Roanoke Times Copyright (c) 1995, Landmark Communications, Inc. DATE: TUESDAY, April 4, 1995 TAG: 9504040091 SECTION: VIRGINIA PAGE: A-1 EDITION: METRO SOURCE: LAURENCE HAMMACK STAFF WRITER DATELINE: LENGTH: Medium
Her lawyer said he will appeal to Circuit Court, where he plans to ask a judge to declare the ordinance invalid because it is "unconstitutionally vague."
Holdaway did not testify Monday, but had told police earlier that she was asleep in bed when her 16-year-old son took her car keys and slipped out of their Memorial Avenue Southwest apartment late on the night of Feb. 10.
Because her son had been cited four times earlier for violating the curfew for juveniles, Holdaway was charged with permitting or allowing "by insufficient control" her son to stay out past 11 p.m.
Defense attorney Jeffrey Dorsey of Salem had argued that Holdaway should not be held criminally accountable for her son's actions.
"Absent her handcuffing him to the bed, at which point I imagine Child Protective Services would become involved, there is literally no way for her to stop him from physically leaving the house, if he is bound and determined to do that," Dorsey said.
Dorsey said the case may have troubling implications for other parents, as police use the ordinance in their efforts to control juvenile crime.
"I don't see how the parents of the city can sleep well tonight, because apparently they shouldn't be sleeping. They ought to be awake and watching their children," he said.
But Juvenile and Domestic Relations Judge Joseph Bounds saw it differently.
"I don't find it very plausible that a parent doesn't know where her child is," Bounds said as he fined Holdaway $100 and sentenced her to 10 days in jail.

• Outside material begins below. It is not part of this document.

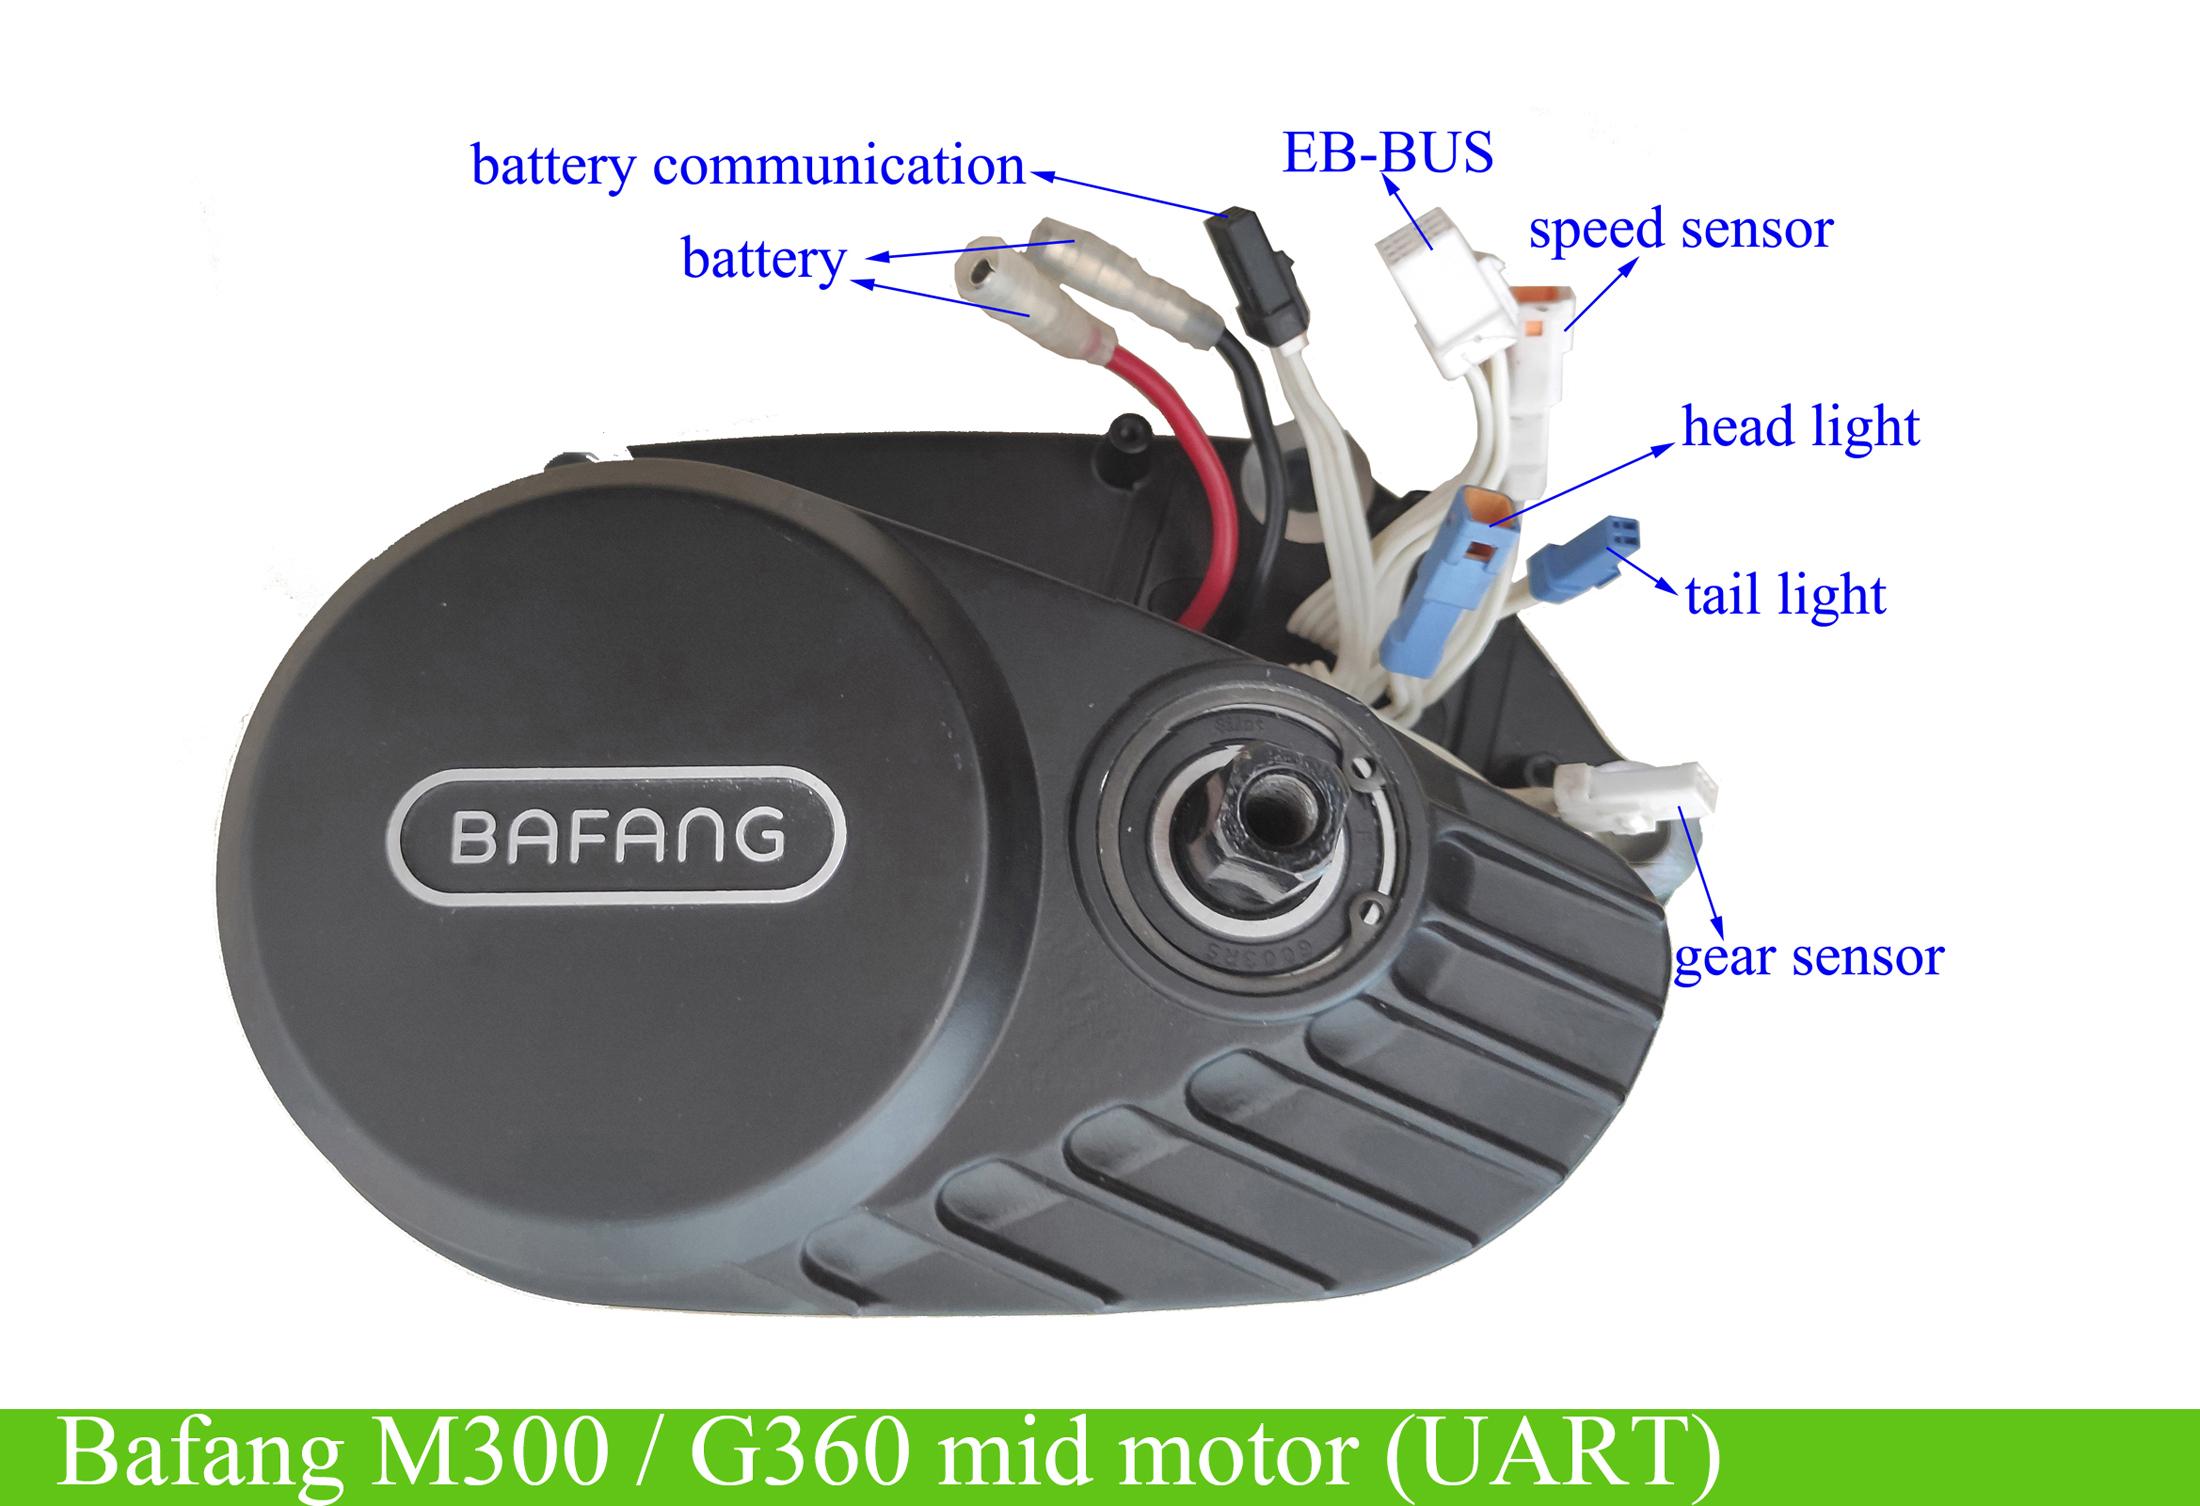 Bafang M300 G360 barebone motor 36V 350W UART -  BBS, ebike  batteries, Bafang M620, Bafang M600, Bafang M500, Bafang M510, KT controller  with display

"There is a duty on the part of the parents, and it is a 24-hour duty, to see that their children obey the laws of the commonwealth and the city of Roanoke," the judge said.
"If you chose to have children, you accept the joys of the child as well as the burden of the child."
Holdaway, 36, was sent to jail briefly after Monday's hearing, but was released on bond to await an appeal hearing scheduled May 22.
As a convenience store clerk who worked the night shift, she told police earlier that she could not always keep up with her son's comings and goings. The 16-year-old's father does not live in the home and apparently did not help care for him, lawyers said.
Responding to Dorsey's arguments that Holdaway had done nothing wrong, Assistant Commonwealth's Attorney Gerald Teaster said it was what she didn't do that got her in trouble.
"She is being charged with the crime of simply not being in control of her child," Teaster said - not just on the night of the crime, but over a longer period of time.
Teaster pointed to testimony from police Detective D.E. Sink, who said Holdaway had been warned last December that she could be charged if her son violated the curfew law again.
Roanoke's ordinance, passed in 1992, requires children 16 and younger to be off the streets by 11 p.m. weeknights and by midnight Friday through Sunday. Exceptions include juveniles running errands for their parents, responding to emergencies, or traveling to and from work.
Parents who allow their children to be out after curfew more than two times a year are subject to a misdemeanor conviction punishable by up to 12 months in jail and a $2,500 fine.
After Holdaway's son was stopped at 4 a.m. Feb. 11 for driving a car with defective equipment, he told a police officer that his mother had just been admitted to Community Hospital. But after finding no record of Holdaway being treated, authorities charged the boy with violating the curfew law and driving without a license.
Dorsey said it was the latest of many run-ins with the law for the teen-ager, and authorities may have charged Patricia Holdaway out of frustration.
"There's been a failure to deal with the child involved here," he said, "so now they're going after the parent to compensate for that failure."